EXERCISE BRIEF
The following data has a line with "Off-White x Nike" and a line with "Prayer Mat / Sejadah". Write out exactly those lines and all the lines between them.

PROVIDED DATA
┌──

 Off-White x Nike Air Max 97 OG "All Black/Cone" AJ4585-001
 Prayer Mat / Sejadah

└──
┌──

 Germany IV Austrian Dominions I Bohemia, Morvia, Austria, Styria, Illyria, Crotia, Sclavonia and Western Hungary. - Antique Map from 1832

└──

SOLUTION FOR THIS TASK
 Off-White x Nike Air Max 97 OG "All Black/Cone" AJ4585-001
 Prayer Mat / Sejadah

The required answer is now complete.